Before writing, identify the audience temperature:

| Audience | Who they are | Copy approach |
|---|---|---|
| **Cold** | No prior brand exposure | Lead with pain or curiosity. Don't assume awareness. |
| **Warm** | Visited site, engaged with content | Reference the benefit they already showed interest in. |
| **Retargeting** | Started trial, viewed pricing, abandoned | Address hesitation directly. Be specific. Create urgency. |

If the user hasn't specified, ask — or default to Cold and note it.

---

### Feed Ads (Facebook + Instagram Feed)

| Element | Limit | Notes |
|---|---|---|
| Primary Text | 125 chars visible; up to 500 accepted | First 125 chars appear before "See more" — lead with the hook |
| Headline | 40 characters | Appears below the image/video |
| Description | 30 characters | Optional; appears below headline in some placements |

#### Primary Text Rules

- **Hook in the first line** — the first sentence must stop the scroll. Options: bold claim, provocative question, specific stat, or direct callout of the ICP.
- Write 3 primary text variants per ad set: one pain-led, one outcome-led, one social proof-led
- Use line breaks for readability — walls of text get skipped
- For cold audiences: no jargon, no assumed context
- For warm/retargeting: reference what they've already seen or done
- End with a clear CTA tied to the offer ("Book a 15-min demo," "Start your free trial")
- **Avoid:** clickbait, all caps, excessive emoji, passive voice

#### Headline Rules (Meta Feed)

- The headline sits below the creative — it's the **last thing read**, not the first
- Use it to reinforce the primary text CTA or deliver the core value prop in one line
- Outcome beats feature: "Cut Scheduling Time by 80%" beats "Advanced Scheduling Features"
- **Avoid:** repeating the first line of primary text

#### Description Rules (Meta Feed)

- Supporting line — use it for a proof point, secondary benefit, or urgency nudge
- 30 characters is tight: "No credit card required" / "500+ businesses trust us"
- Can be left blank if the headline is strong enough

#### Meta Feed Output Format

```
AUDIENCE: [Cold / Warm / Retargeting]
FORMAT: Feed
OFFER / CTA: [What action you're driving]

— VARIANT 1: Pain-Led —
PRIMARY TEXT:
[Hook line]
[Supporting body — 2–3 lines]
[CTA line]

HEADLINE: [copy] — [char count]
DESCRIPTION: [copy] — [char count]

— VARIANT 2: Outcome-Led —
PRIMARY TEXT: ...
HEADLINE: ...
DESCRIPTION: ...

— VARIANT 3: Social Proof-Led —
PRIMARY TEXT: ...
HEADLINE: ...
DESCRIPTION: ...

CREATIVE DIRECTION NOTE: [1–2 sentences on what visual or video concept would complement this copy]
CI SOURCING NOTE: [Which variants or lines came directly from CI report findings, and from which section]
```

---

### Story / Reels Ads (Instagram + Facebook)
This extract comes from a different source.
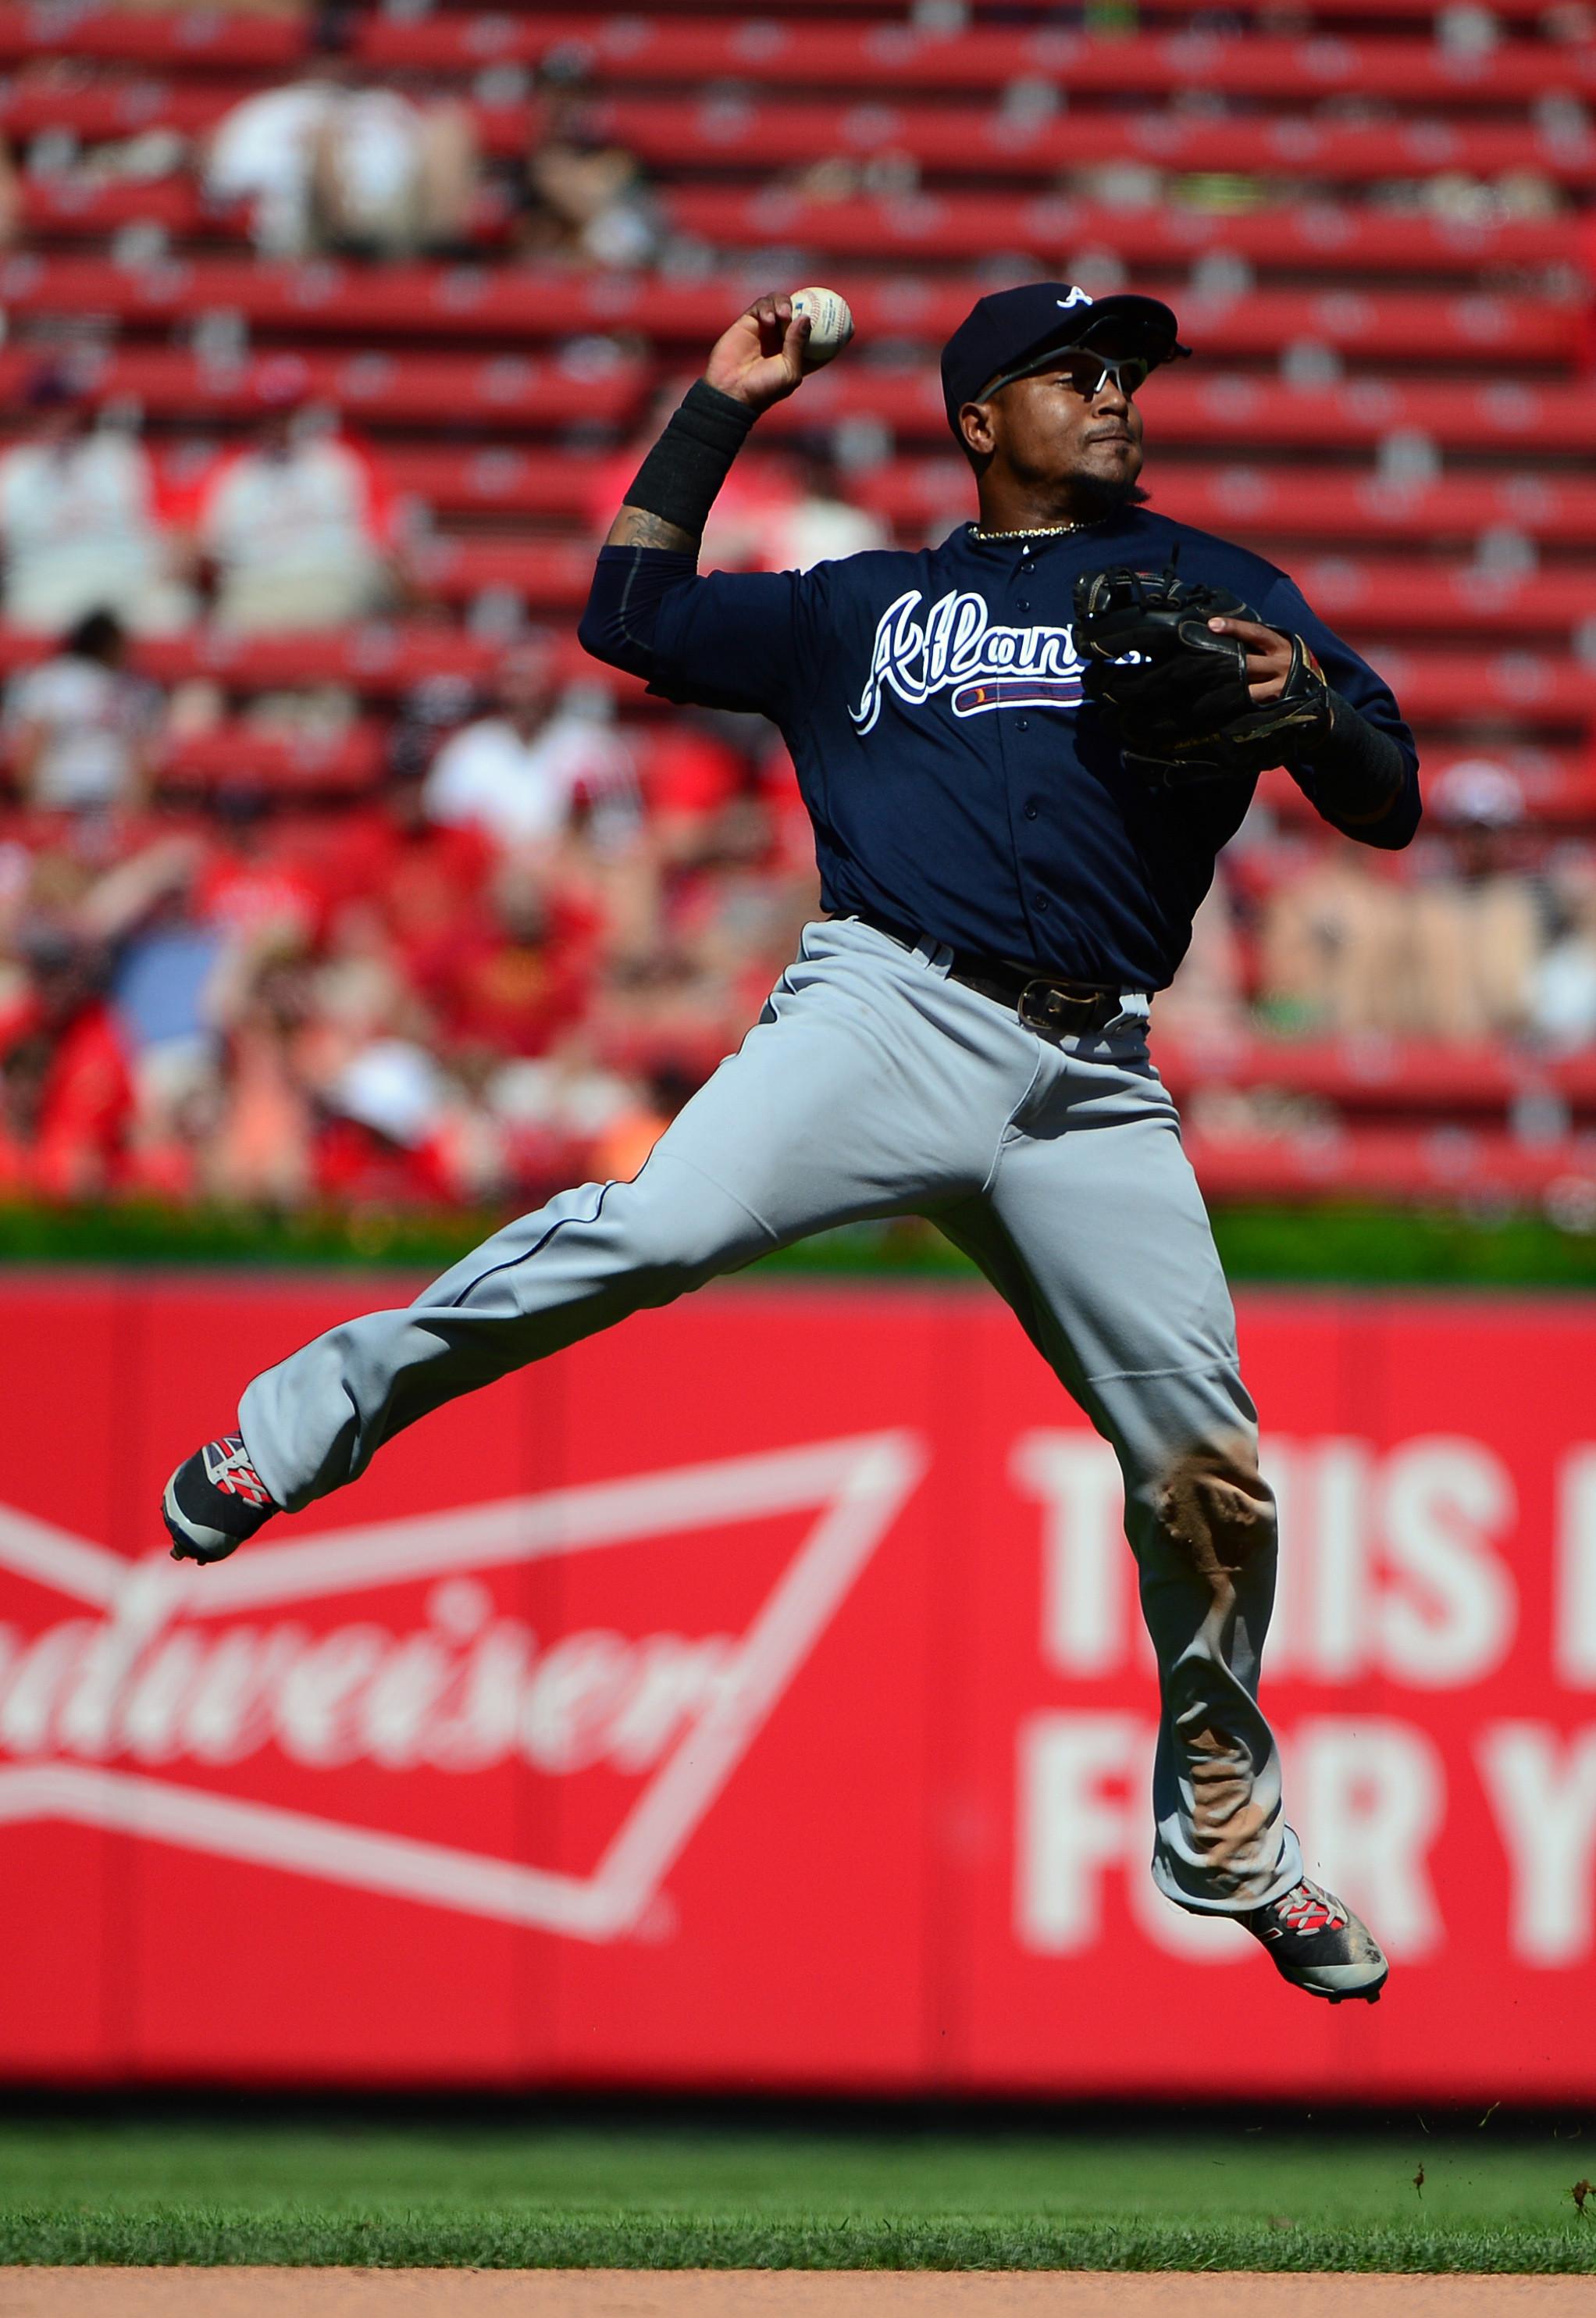 Aug 7, 2016; St. Louis, MO, USA; Atlanta Braves shortstop

| Element | Limit | Notes |
|---|---|---|
| On-screen text | 2–3 lines max | Overlaid on visual — keep it punchy |
| Voiceover / caption line | 1 sentence | Optional; supports the visual |
| CTA button text | Platform-provided | "Learn More," "Book Now," "Sign Up" — suggest the best fit |

#### Story/Reels Copy Rules

- Copy is **subordinate to the visual** — less is more
- Lead with the hook in the first 3 seconds (on-screen text line 1)
- Line 2: one specific benefit or proof point
- Line 3: CTA or brand name
- Write for no-sound viewing: the text alone must carry the message
- Tone can be more direct and punchy than Feed

#### Story/Reels Output Format

```
FORMAT: Story / Reels
AUDIENCE: [Cold / Warm / Retargeting]

ON-SCREEN TEXT:
Line 1 (Hook): [copy]
Line 2 (Benefit/Proof): [copy]
Line 3 (CTA): [copy]

VOICEOVER LINE (optional): [copy]
CTA BUTTON: [Suggested: Learn More / Book Now / Sign Up / Get Started]

CREATIVE DIRECTION NOTE: [What the visual should show to complement this text]
```

---

### Carousel Ads

| Element | Limit | Notes |
|---|---|---|
| Primary Text | 125 chars visible | Same rules as Feed — hook in line 1 |
| Per-card headline | 40 characters | Each card has its own headline |
| Per-card description | 20 characters | Optional supporting line per card |

#### Carousel Logic

- Each card should advance a single narrative: problem → solution → proof → CTA
- Alternatively, each card can feature a distinct use case or feature
- Card 1 headline: lead with the biggest benefit or boldest claim
- Final card: always end with the CTA

---

---

## CI Report → Platform Routing

When a CI report is the primary input, use this mapping to decide which platform gets which insights:

| CI Finding | Best platform | Why |
|---|---|---|
| High-frequency objection (appeared in multiple calls) | Google Search | Buyers are actively searching — intercept with a direct answer |
| Strong positive reaction to a specific feature | Meta warm/retargeting | They already know the category — remind them of the moment that landed |
| Unresolved question about integration or security | Google Search description | Answer it before the buyer goes looking |
| Pain point with emotionally charged language | Meta cold Feed | Hook copy should use their exact words |
| Desired outcome ("I want it to just handle it") | Both platforms | Outcome-first headline for Google; primary text hook for Meta |
| Deal risk (competitor evaluated, IT sign-off) | Meta retargeting | Remove friction for buyers who stalled |

---

## B2B SaaS-Specific Notes (All Platforms)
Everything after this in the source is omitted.